As we entered the new year, there was some thought that 2012 might see a less frantic pace of activity from the NLRB, since the Board was slated to drop to two members and lose its quorum when Craig Becker’s recess appointment expired. Those thoughts quickly went out the window when on January 4, the President used recess appointments to put three new members on the Board, bringing it to full strength. These appointments have already been challenged as being legally dubious since the Senate did not consider itself to be in recess. A court will ultimately have the final say, but in the meantime, NLRB Chairman Mark Pearce is moving full speed ahead. As he put it: “we keep our eye on the prize.” Thus, we can expect more slanted case decisions and rulemakings that should be of significant concern to employers.

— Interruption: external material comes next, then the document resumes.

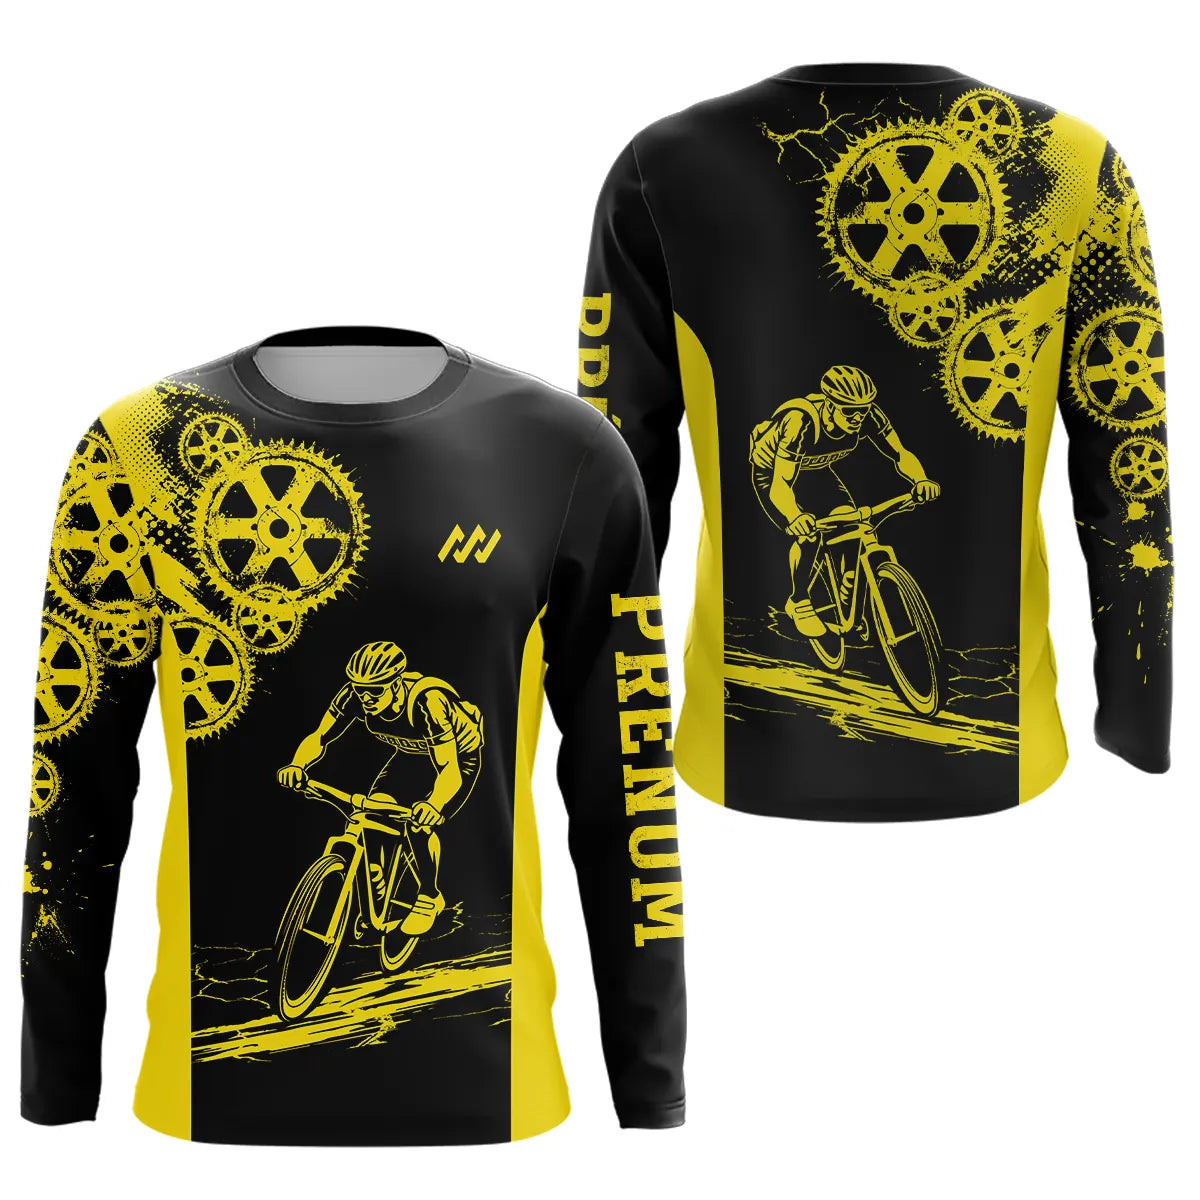 Maillot de Cyclisme Personnalisé Jaune et Noir - Performance et Style - A010624N27 T-shirt Anti UV Manches Longues Unisexe

First among these could be an expansion of the ambush election rule – which has already dramatically shortened the time frame in which union representation elections take place – to include provisions Chairman Pearce left out of the rule that went final in December 2011. The additional measures – call it Ambush Elections Part II – would likely include expedited pre-election hearings that would prevent employers from having time to mount effective legal challenges to union organizing drives, electronic petition filing to speed the voting process, and a requirement that employers turn over the home phone numbers and personal e-mail addresses of their employees to union organizers.
The Board may also pursue a “cyber” card check rule that would allow electronic, off-site voting in certification elections. This would be a dramatic departure from the Board’s tried and true practice of using secret ballot elections in the workplace (which is generally the easiest place for workers to vote, thus expanding turnout). The clear intent is to reduce the number of workers casting a ballot so that fervently pro-union employees, who are more likely to go through the process of off-site voting, will make up a larger share of the electorate.
Congress wisely put an appropriations rider in the FY 2012 Labor/HHS/Education appropriations bill preventing the NLRB from “issuing” a rule on cyber card check, but a Board majority as determined as this one may interpret that as allowing them to do everything short of issuing a rule, and then taking that formal step as soon as the rider expires. In 2010, we should remember, the Board issued a Request for Information under the Administrative Procedure Act.
Employers also should be on the lookout for a decision in the Roundy’s case dealing with union access issues. The real threat in this decision is that the Board may use it to reexamine Register Guard and rule that employer e-mail systems must be opened to union solicitations.
Another change on the horizon could include greater restrictions on the definition of supervisors, which would have two benefits for unions from the Board’s perspective. First, it would expand the pool of employees eligible to unionize. Second, it would shrink the number of front-line supervisors an employer could rely upon during an organizing effort.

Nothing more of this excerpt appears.